BEGIN
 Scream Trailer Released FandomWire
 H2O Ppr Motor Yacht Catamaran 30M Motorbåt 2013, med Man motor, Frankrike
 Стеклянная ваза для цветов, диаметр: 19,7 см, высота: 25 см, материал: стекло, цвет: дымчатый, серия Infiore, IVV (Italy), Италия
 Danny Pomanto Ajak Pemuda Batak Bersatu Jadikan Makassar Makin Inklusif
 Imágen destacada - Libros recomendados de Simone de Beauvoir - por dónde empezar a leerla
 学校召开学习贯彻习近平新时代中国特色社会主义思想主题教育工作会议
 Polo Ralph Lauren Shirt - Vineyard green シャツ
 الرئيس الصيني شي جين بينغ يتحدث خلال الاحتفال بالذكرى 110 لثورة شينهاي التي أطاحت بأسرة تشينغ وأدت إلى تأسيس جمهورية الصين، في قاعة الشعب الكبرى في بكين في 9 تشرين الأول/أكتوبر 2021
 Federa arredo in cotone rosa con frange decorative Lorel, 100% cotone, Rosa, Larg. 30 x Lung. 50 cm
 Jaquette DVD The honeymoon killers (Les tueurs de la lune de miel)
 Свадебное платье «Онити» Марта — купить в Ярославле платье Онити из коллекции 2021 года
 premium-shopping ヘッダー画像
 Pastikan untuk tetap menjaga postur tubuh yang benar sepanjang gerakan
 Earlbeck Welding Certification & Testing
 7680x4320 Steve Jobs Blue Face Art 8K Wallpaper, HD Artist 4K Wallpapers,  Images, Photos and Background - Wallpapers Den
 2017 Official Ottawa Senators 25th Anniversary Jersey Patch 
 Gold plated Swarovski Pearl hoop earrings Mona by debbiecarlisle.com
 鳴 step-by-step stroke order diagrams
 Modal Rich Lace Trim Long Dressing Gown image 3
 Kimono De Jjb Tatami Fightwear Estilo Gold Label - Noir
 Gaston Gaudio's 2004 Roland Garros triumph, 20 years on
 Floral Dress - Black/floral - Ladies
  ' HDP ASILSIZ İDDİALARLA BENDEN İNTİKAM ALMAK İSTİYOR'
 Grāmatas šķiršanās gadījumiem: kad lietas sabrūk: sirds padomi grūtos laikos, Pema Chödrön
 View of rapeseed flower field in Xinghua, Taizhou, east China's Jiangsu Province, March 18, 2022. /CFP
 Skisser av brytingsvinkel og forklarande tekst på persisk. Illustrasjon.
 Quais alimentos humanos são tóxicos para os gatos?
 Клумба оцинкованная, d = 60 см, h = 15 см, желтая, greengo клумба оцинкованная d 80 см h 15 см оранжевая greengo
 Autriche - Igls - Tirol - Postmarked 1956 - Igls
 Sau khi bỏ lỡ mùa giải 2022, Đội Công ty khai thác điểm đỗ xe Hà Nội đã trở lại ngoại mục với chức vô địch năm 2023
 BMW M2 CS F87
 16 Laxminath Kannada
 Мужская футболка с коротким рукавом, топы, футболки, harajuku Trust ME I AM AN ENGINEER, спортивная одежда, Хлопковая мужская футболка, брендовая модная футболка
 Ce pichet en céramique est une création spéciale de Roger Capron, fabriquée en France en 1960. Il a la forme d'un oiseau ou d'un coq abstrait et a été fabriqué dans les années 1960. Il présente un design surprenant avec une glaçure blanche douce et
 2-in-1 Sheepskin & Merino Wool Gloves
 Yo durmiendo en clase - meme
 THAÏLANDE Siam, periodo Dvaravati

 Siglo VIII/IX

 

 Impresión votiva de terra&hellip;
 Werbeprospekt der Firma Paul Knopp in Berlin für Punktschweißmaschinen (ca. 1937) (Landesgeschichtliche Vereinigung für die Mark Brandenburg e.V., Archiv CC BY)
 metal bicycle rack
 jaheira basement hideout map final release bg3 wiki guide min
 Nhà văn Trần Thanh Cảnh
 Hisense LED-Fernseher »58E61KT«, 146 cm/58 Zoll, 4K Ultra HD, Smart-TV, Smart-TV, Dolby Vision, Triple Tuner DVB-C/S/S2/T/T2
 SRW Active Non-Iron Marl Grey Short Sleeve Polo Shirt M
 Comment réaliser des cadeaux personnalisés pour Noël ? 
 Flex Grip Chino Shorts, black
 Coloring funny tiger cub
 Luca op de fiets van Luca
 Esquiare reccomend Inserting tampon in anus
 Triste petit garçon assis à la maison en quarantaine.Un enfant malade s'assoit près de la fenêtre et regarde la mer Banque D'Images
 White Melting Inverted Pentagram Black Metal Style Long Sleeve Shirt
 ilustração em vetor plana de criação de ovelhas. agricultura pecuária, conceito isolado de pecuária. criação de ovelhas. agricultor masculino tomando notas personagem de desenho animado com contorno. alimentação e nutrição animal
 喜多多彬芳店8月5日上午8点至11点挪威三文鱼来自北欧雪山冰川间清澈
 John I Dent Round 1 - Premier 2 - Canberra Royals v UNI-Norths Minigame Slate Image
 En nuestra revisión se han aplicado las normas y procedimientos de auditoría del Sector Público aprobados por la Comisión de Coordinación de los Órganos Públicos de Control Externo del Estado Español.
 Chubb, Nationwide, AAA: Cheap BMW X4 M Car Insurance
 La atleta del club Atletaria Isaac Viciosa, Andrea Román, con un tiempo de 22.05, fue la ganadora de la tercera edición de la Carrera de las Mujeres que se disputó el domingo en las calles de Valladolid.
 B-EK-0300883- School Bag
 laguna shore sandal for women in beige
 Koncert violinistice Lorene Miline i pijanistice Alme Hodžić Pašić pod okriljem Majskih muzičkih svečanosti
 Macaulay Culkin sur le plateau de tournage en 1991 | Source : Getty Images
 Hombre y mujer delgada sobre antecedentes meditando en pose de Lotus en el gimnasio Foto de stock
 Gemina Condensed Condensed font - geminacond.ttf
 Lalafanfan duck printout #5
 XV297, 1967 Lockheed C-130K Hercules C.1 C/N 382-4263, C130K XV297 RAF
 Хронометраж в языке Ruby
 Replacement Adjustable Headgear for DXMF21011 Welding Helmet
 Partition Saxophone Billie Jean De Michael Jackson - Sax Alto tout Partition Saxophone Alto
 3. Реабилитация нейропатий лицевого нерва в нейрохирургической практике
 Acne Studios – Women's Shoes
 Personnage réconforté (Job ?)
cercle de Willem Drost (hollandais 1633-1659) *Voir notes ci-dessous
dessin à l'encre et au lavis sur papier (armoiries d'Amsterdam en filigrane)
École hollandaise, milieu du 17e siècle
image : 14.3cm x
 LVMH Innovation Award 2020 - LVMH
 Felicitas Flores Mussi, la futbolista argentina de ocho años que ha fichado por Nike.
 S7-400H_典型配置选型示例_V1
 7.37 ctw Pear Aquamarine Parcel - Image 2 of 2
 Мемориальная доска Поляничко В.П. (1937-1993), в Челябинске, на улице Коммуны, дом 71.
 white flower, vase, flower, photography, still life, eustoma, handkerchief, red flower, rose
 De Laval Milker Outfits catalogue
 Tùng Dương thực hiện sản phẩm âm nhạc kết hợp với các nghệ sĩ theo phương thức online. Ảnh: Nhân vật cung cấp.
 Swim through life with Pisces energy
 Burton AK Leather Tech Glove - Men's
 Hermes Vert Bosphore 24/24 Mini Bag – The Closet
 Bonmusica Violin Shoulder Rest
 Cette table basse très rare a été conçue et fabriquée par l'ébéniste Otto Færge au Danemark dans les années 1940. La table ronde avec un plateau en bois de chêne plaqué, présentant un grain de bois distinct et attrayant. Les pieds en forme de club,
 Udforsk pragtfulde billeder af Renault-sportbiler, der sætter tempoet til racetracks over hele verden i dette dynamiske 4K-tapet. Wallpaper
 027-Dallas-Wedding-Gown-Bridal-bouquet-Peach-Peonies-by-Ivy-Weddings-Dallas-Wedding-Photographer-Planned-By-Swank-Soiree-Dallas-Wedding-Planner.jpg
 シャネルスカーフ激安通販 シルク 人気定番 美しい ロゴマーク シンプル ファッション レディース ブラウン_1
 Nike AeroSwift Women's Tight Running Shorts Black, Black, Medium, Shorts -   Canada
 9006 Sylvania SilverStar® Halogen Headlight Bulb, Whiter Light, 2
END
**Task to carry out:** Every line above that includes the word "club" must appear in the answer.

**Expected answer:**
 La atleta del club Atletaria Isaac Viciosa, Andrea Román, con un tiempo de 22.05, fue la ganadora de la tercera edición de la Carrera de las Mujeres que se disputó el domingo en las calles de Valladolid.
 Cette table basse très rare a été conçue et fabriquée par l'ébéniste Otto Færge au Danemark dans les années 1940. La table ronde avec un plateau en bois de chêne plaqué, présentant un grain de bois distinct et attrayant. Les pieds en forme de club,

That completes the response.